AAC has been an integral part of my life since my brother was diagnosed in 2012. Over the last ten years, my family and I have gone through an AAC journey, starting from low-tech with PECS to high-tech with Proloquo2go, which we use today. My dad’s job exacerbated our journey, which has made us move across five cities in the past ten years. Every time we moved, my brother would have to change his support system. Each change brought different professionals with different ideas for his improvements. Every weekend we took my brother to equine therapy, occupational therapy, speech therapy, audio therapy, and countless other recommendations.
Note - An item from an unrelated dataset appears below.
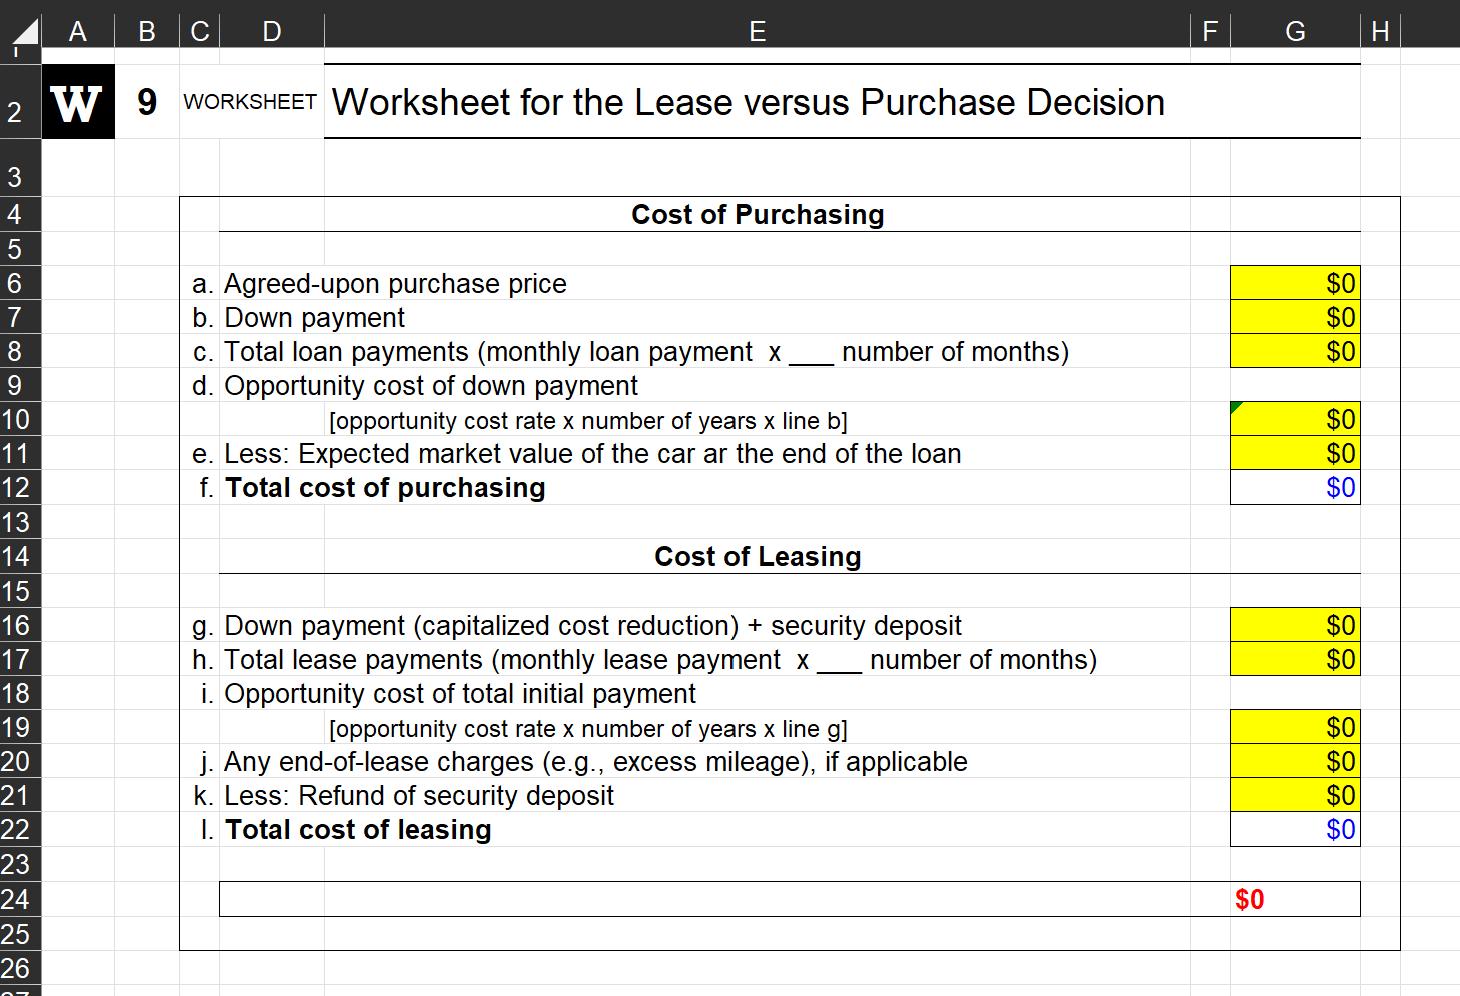 A B C 2 W 9 WORKSHEET Worksheet for the Lease versus Purchase Decision 3 4 5 6 7 8 9 10 11 12 13 14 15 16 17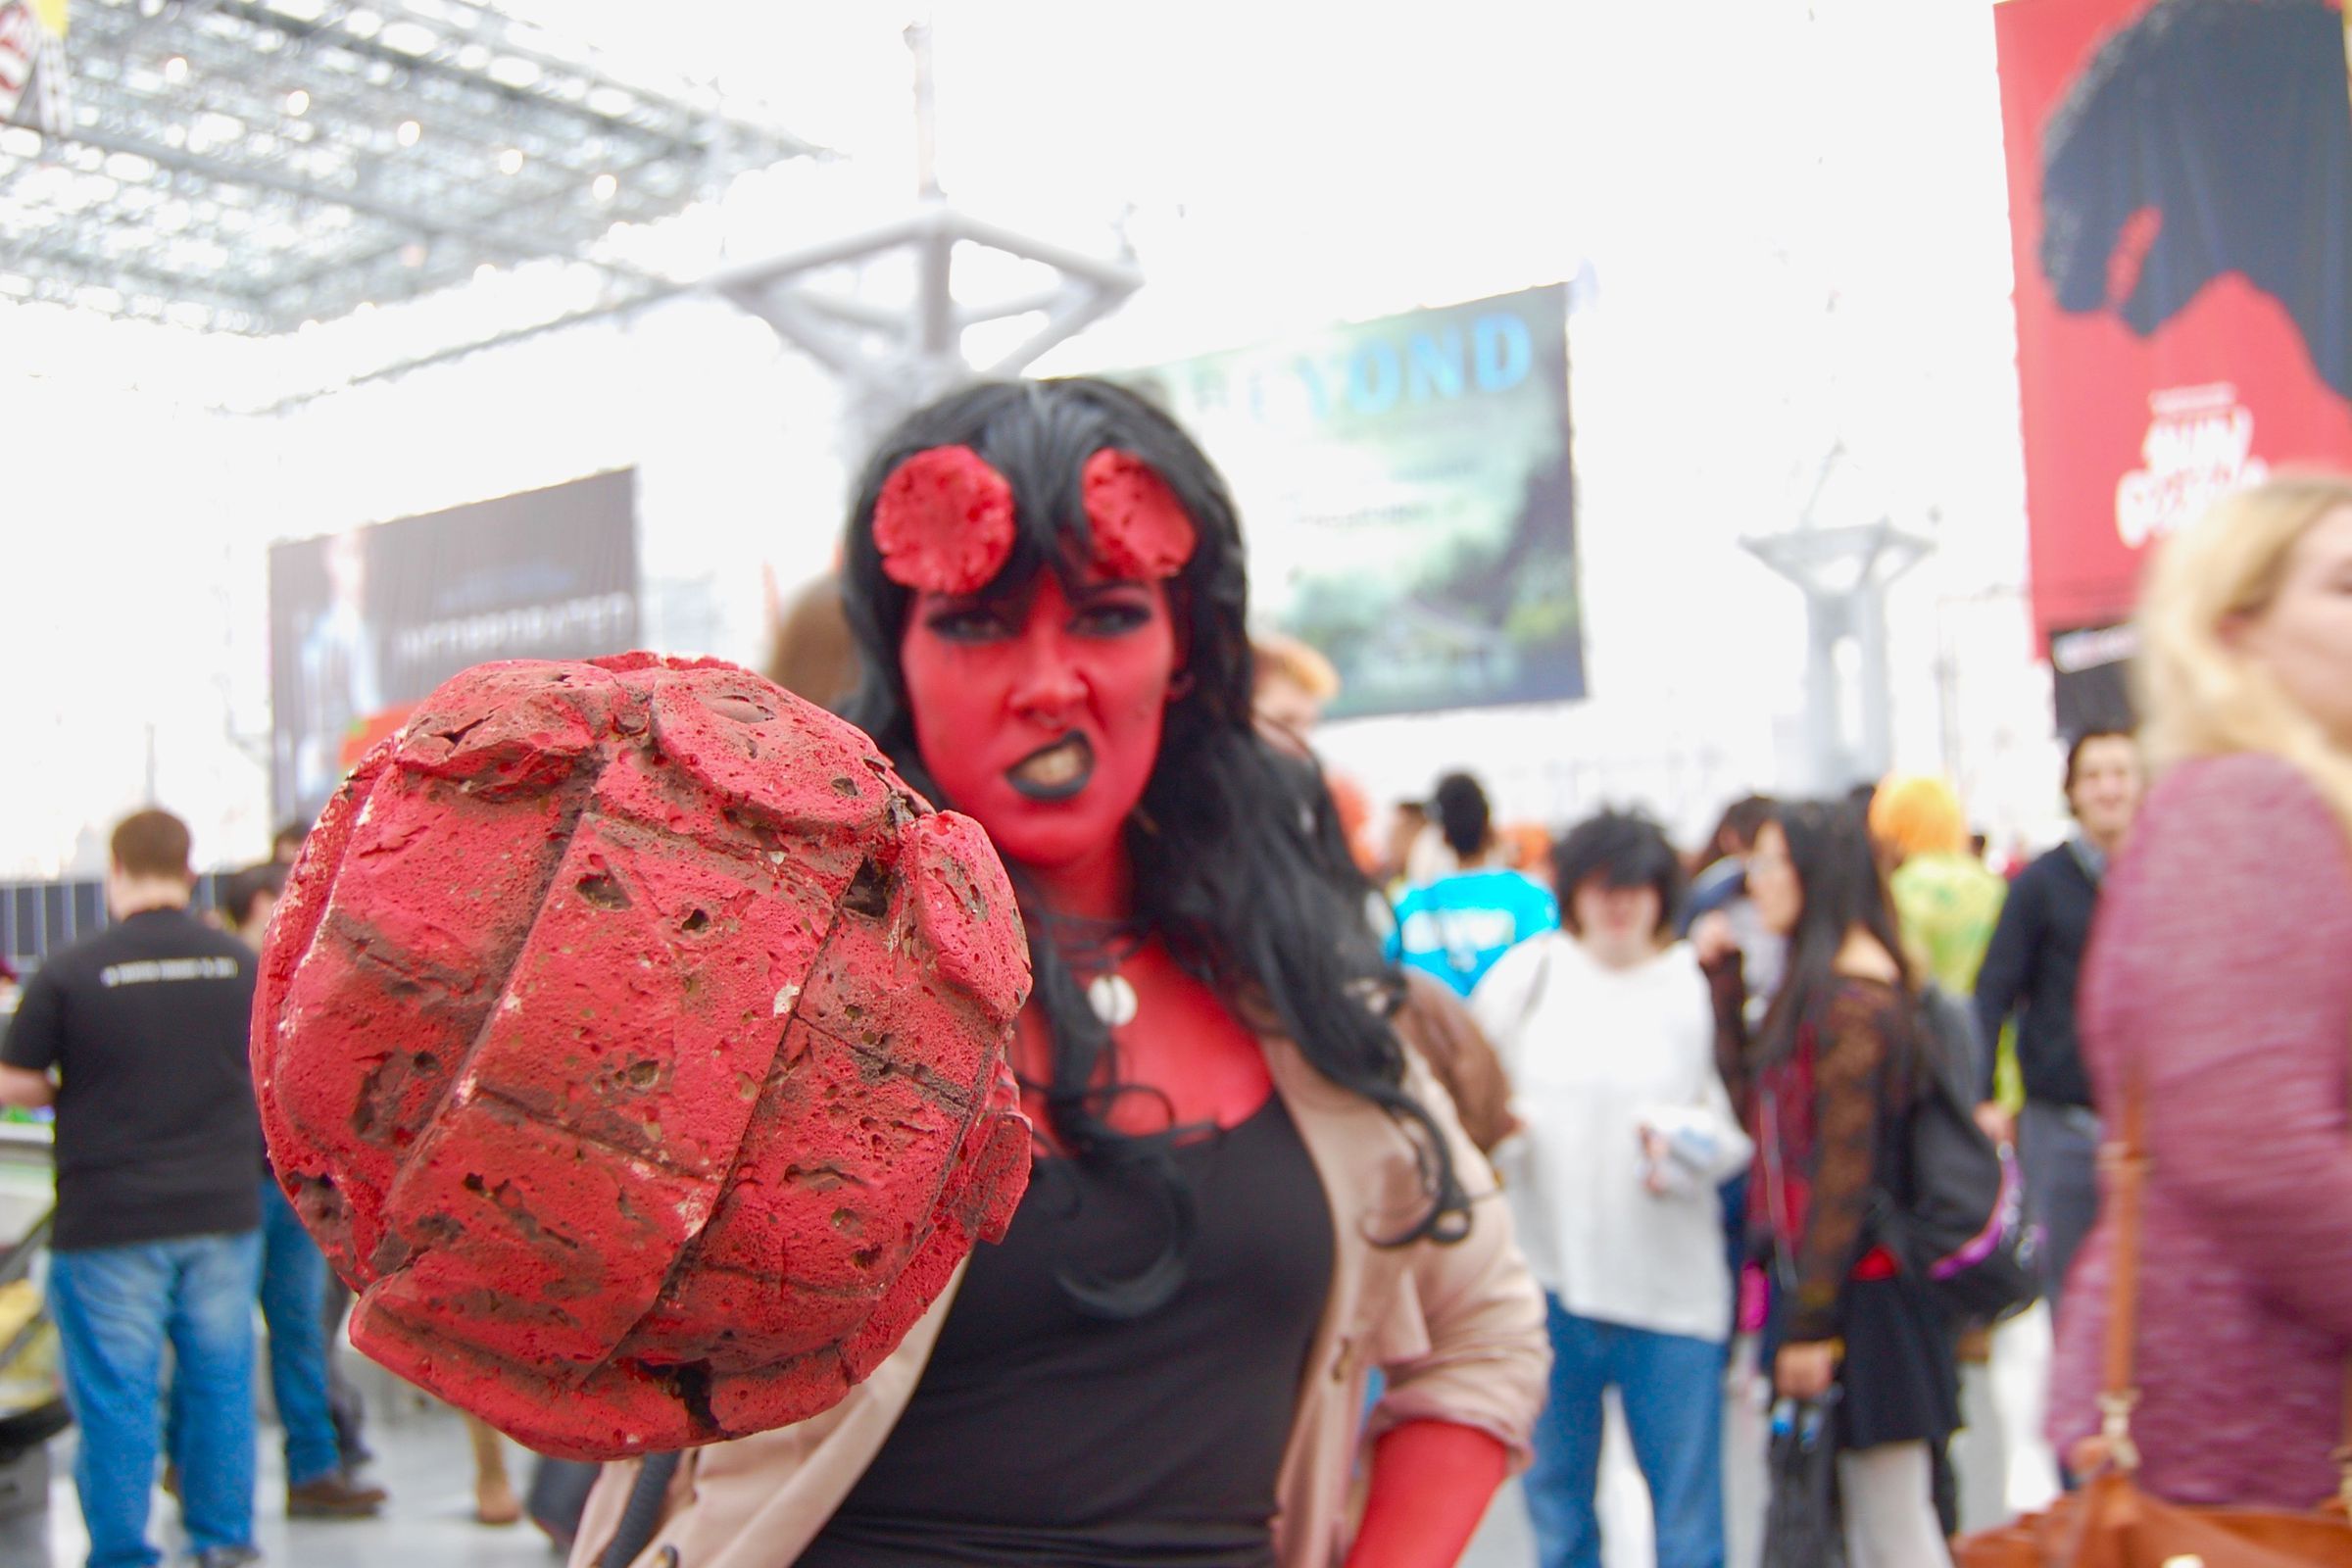 Meet the cosplayers of New York Comic Con

My brother’s late diagnosis of apraxia made our journey extra challenging, as we weren’t wholly addressing his needs until the diagnosis. We still hoped that he would be able to talk, and using AAC felt like we would be giving up on that. We learned too late that it was a myth; AAC can be a supplement to communication and a replacement to communication.
In 2016, when we implemented AAC, we could communicate with him. Nothing was perfect, but when he cried, instead of feeling helpless, we were able to provide him a device where he could say, “I want ice cream” or “It hurts.” He still can’t express things and days when we are helpless, but they have been significantly reduced.
I have constantly explained AAC to my friends, my brother’s teachers, and my brother’s classmates. In 4th grade, I created a presentation for my brother’s class, explaining how his brain works differently and why he speaks through an iPad. In 6th grade, I presented a slideshow to my brother’s teachers to explain his AAC device and how he communicates. I find AAC so simple yet life-changing and wanted to learn more about it as it would have helped my brother. I wanted to use my experience and knowledge to help people and know more about the world of AAC.
Thus the idea of creating an AAC guide came about. My mom struggled to learn about AAC when she implemented it for my brother. The number of terms, vocabulary, prompts, and types of AAC intimidated her. There was a wide range of sources she could rely on, and she spent countless hours on websites. I wanted to create a guide where all the basic questions were answered and all the terms were explained. I wanted it to be accessible and easily implementable, and that’s why I chose to focus on low-tech AAC. Especially in India, it is challenging to find experts who are knowledgeable about AAC, and I hope this guide can let them get an overview of the topic and be inspired to explore it further.